You don't need to know anything about Sloan to see why they named their latest album "Never Hear the End of It," containing an amazing 30 tracks and 74 minutes of nonstop pop rock. This monster album takes weeks for one to fully absorb and appreciate and as one of the first releases of 2007, it certainly sets a high standard for what's to come this year.
Granted, the album was first released in Sloan's native Canada a few months earlier; it is just beginning to be promoted on the indie circuit here in the States on Chapel Hill's Yep Roc Records. Though this might become the band's most heavily promoted album to date, newer fans may be surprised to learn that 1994's "Twice Removed" is considered the best Canadian album of all time by a 1996 and 2005 Chart! Magazine readers' poll.

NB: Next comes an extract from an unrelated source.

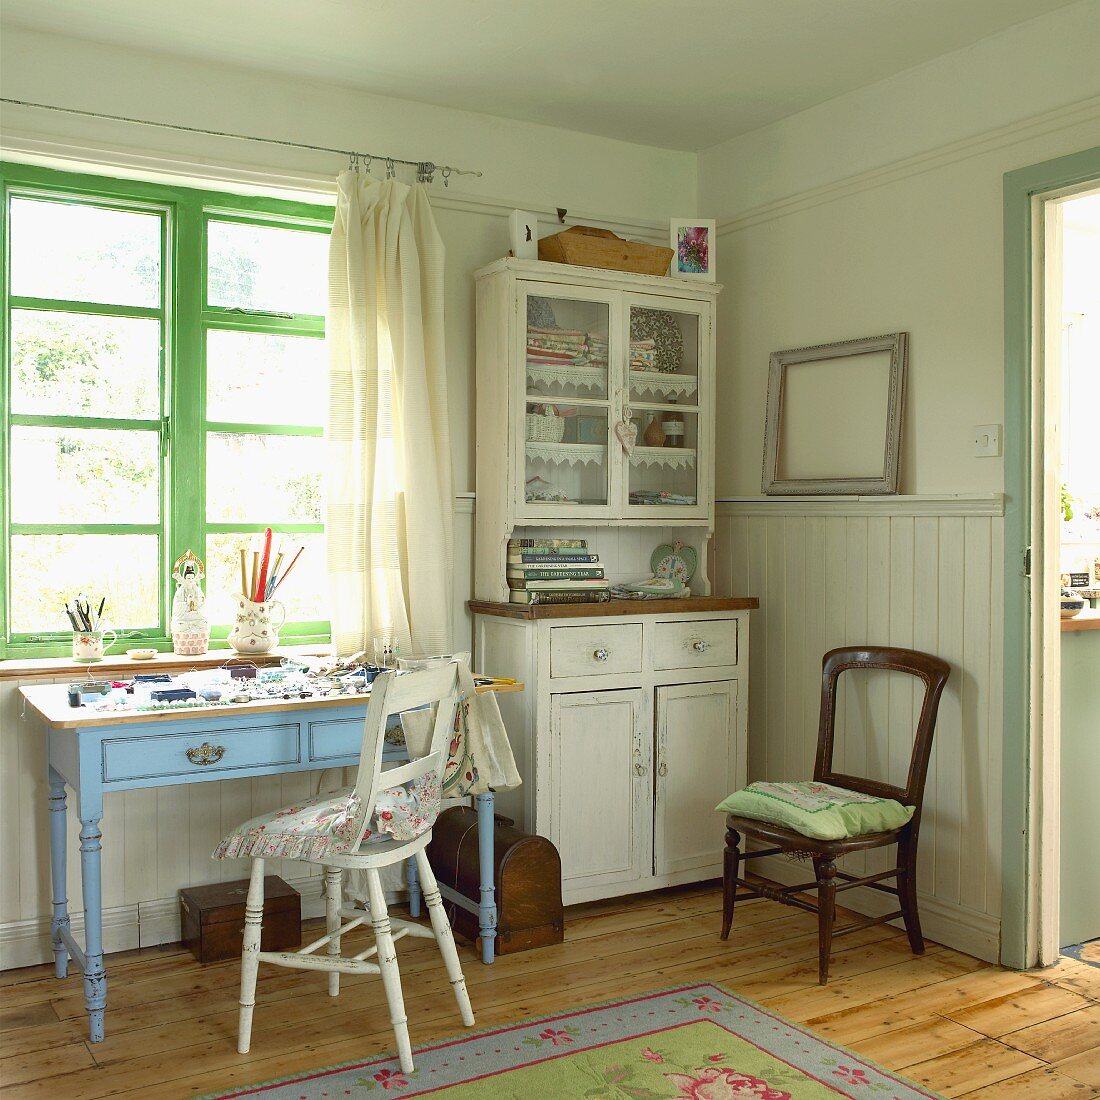 Interior in pastel shades with half-height wooden panelling, glass-fronted dresser and small table with drawers below window with green-painted frame

Sloan's broad appeal is easy to point out in that their sound is routinely compared to such legends of classic rock as The Beatles. From time to time in "Never Hear the End of It" they also invoke The Who, The Rolling Stones, Queen, and The Stooges. This is not to say that Sloan has mastered these sounds and become the greatest band ever, but rather that they leave their influences exposed.
Listeners might expect such a long collection of largely derivative songs to drone on and lose its edge after the first 12 to 15 tracks, but to the band's credit, they really take the opportunity to throw in everything they've got, hinting at their massive stylistic range. With an up-tempo beat on nearly every song and instantaneous, often overlapping transitions, Sloan has managed to take 30 unique songs and create a cohesive sound for over an hour.
Starting out with the first single, "Who Taught You to Live Like That?" Sloan uses a shuffle beat with a simple A-A-B rhyme pattern which could take some of the punch out of what might seem from the title to be a confrontational message, but fortunately it's strong enough to keep listeners' feet tapping. The next track, "I've Gotta Try," contains hints of Motion City Soundtrack as the band departs from the '70s for a bit in their quest at a power-pop anthem. After the catchy keyboard melody, the song includes an example of their typical, memorable lines that are either really deep or cheesy: "The thing about imagination/is that it takes most people every single day/to know they have one."
The band returns quickly to the most derivative track of all, "Fading into Obscurity" sounds like The Beatles for the first two minutes and Queen for the second. Though the sounds may be a perfect match at times, Sloan still manages to inject young life into the classic tunes by throwing in an energetic "yeah now" at every opportunity in songs like "Right or Wrong."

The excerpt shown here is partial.